我在XY平面上有一个numpy点数,如: distribution



是否有任何pythonic方式或任何numpy / scipy函数来执行此操作?

3 个答案:

import numpy as np
import matplotlib.pyplot as plt
import pandas as pd

total_num = 100000
x, y = np.random.normal(0, 1, (2, total_num))

# We'll always get fewer than this number for two reasons.
# 1) We're choosing a square grid, and "subset_num" may not be a perfect square
# 2) There won't be data in every cell of the grid
subset_num = 1000

# Bin points onto a rectangular grid with approximately "subset_num" cells
nbins = int(np.sqrt(subset_num))
xbins = np.linspace(x.min(), x.max(), nbins+1)
ybins = np.linspace(y.min(), y.max(), nbins+1)

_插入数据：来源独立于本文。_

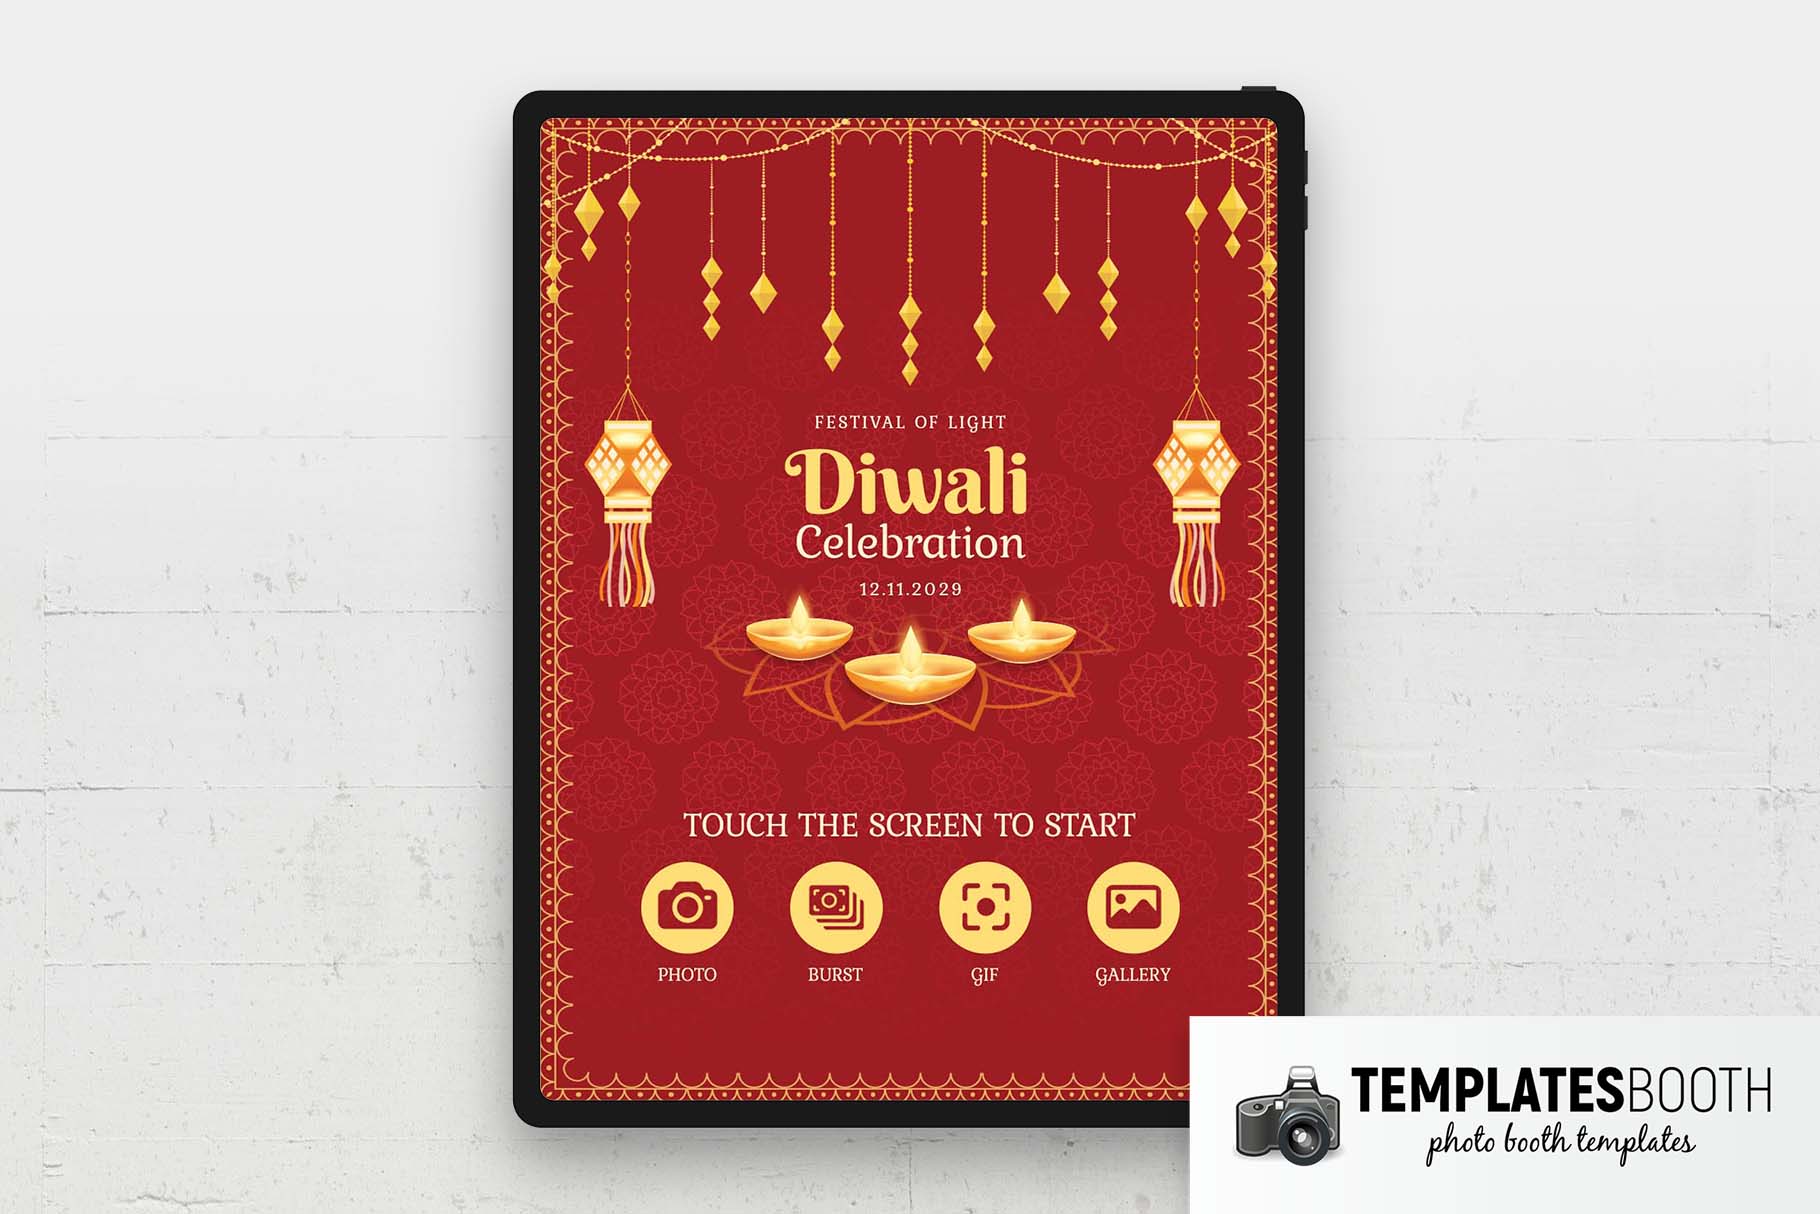 Écran de bienvenue pour le festival Diwali Photo Booth

# Make a dataframe indexed by the grid coordinates.
i, j = np.digitize(y, ybins), np.digitize(x, xbins)
df = pd.DataFrame(dict(x=x, y=y), index=[i, j])

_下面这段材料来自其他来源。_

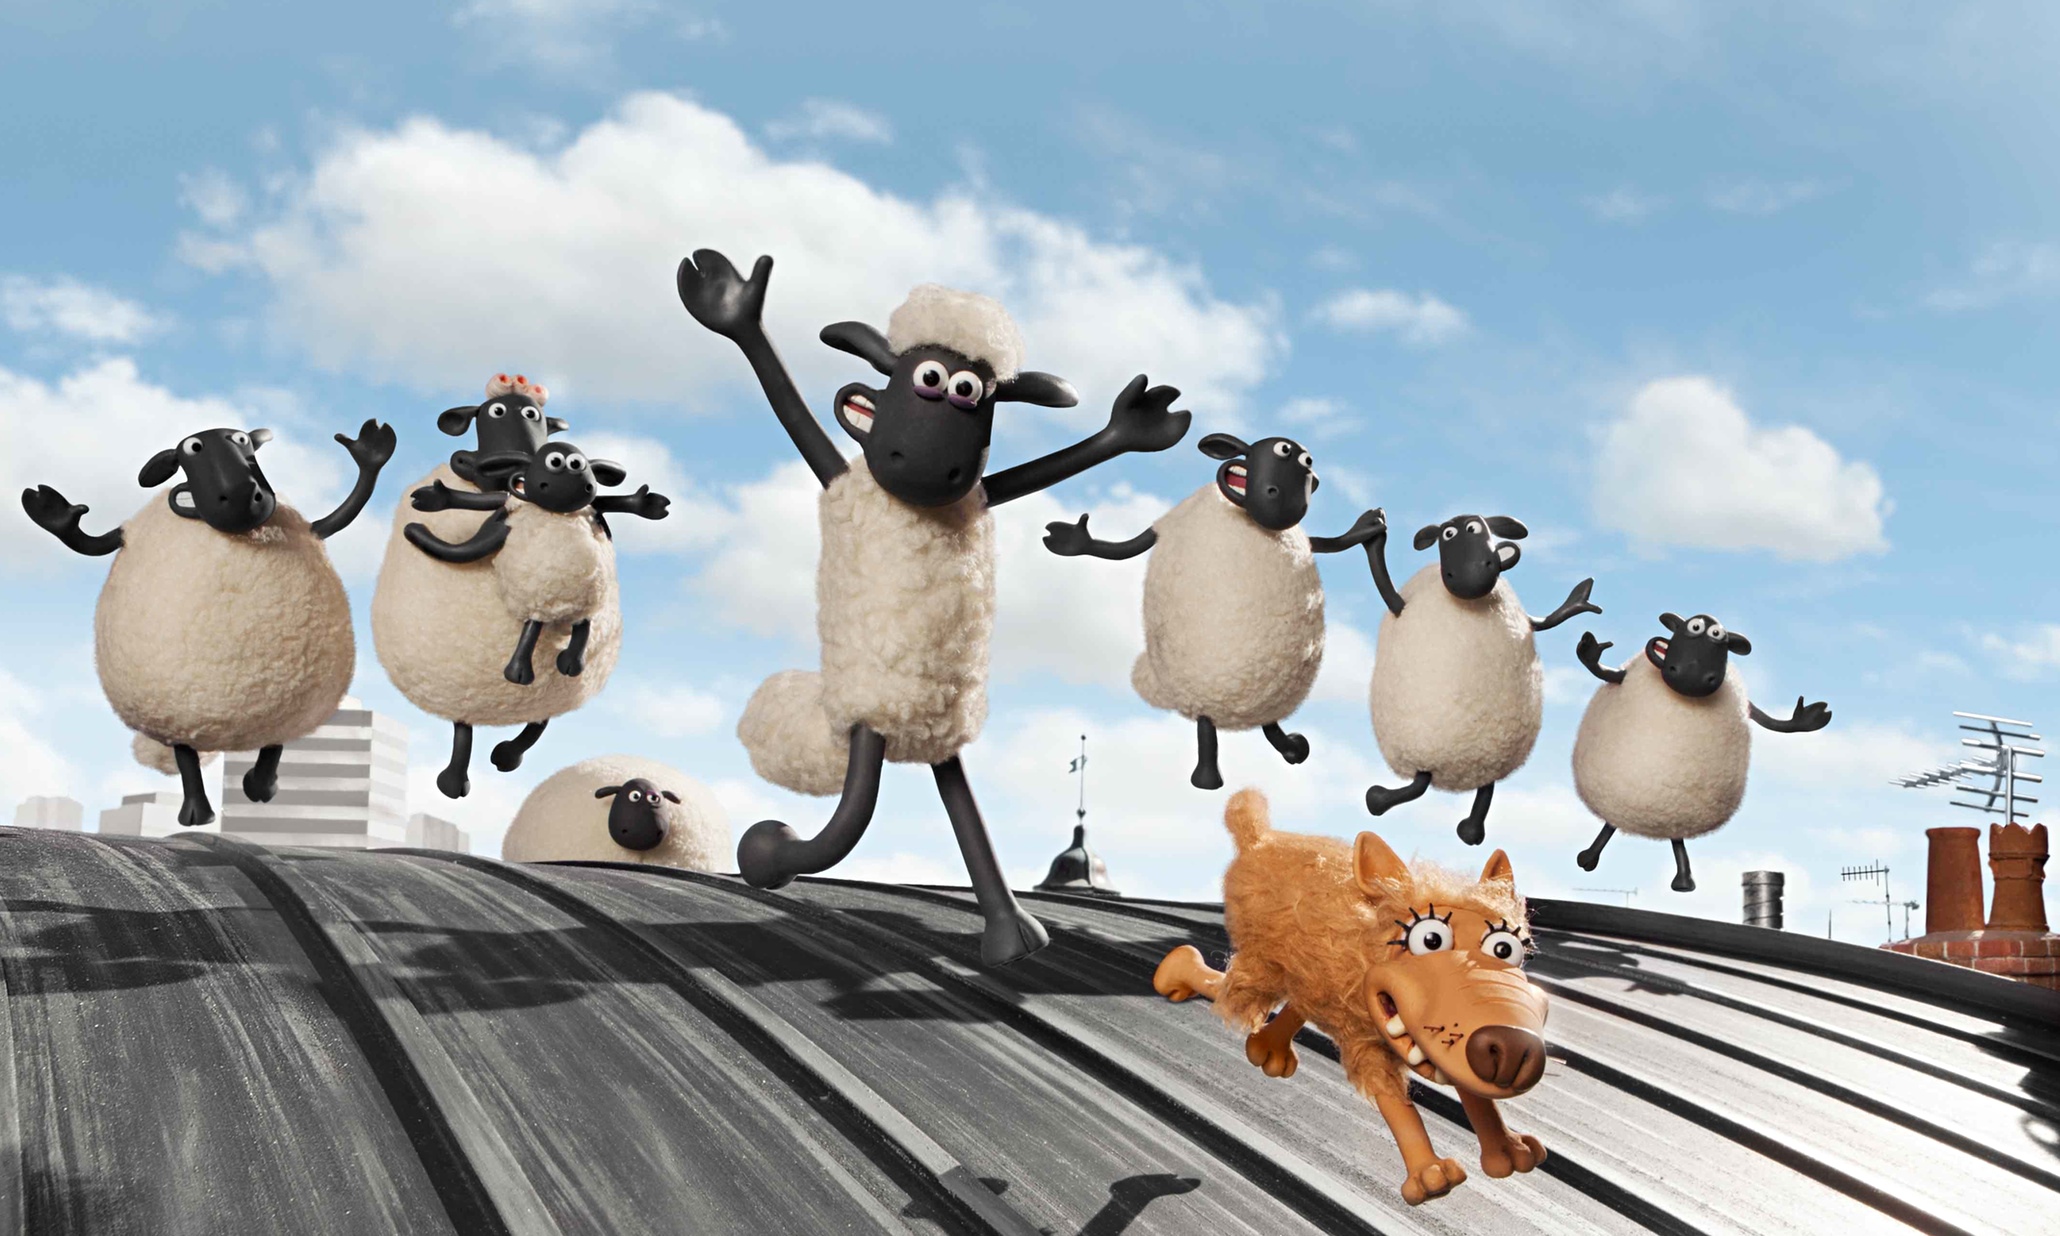 shaun the sheep movie, movie

# Group by which cell the points fall into and choose a random point from each
groups = df.groupby(df.index)
new = groups.agg(lambda x: np.random.permutation(x)[0])

# Plot the results
fig, axes = plt.subplots(ncols=2, sharex=True, sharey=True)
axes[0].plot(x, y, 'k.')
axes[0].set_title('Original $(n={})$'.format(total_num))
axes[1].plot(new.x, new.y, 'k.')
axes[1].set_title('Subset $(n={})$'.format(len(new)))
plt.setp(axes, aspect=1, adjustable='box-forced')

根据@ EMS在评论中的建议,这是另一种方法。




import numpy as np
import matplotlib.pyplot as plt
from scipy.stats import gaussian_kde

total_num = 100000
subset_num = 1000
x, y = np.random.normal(0, 1, (2, total_num))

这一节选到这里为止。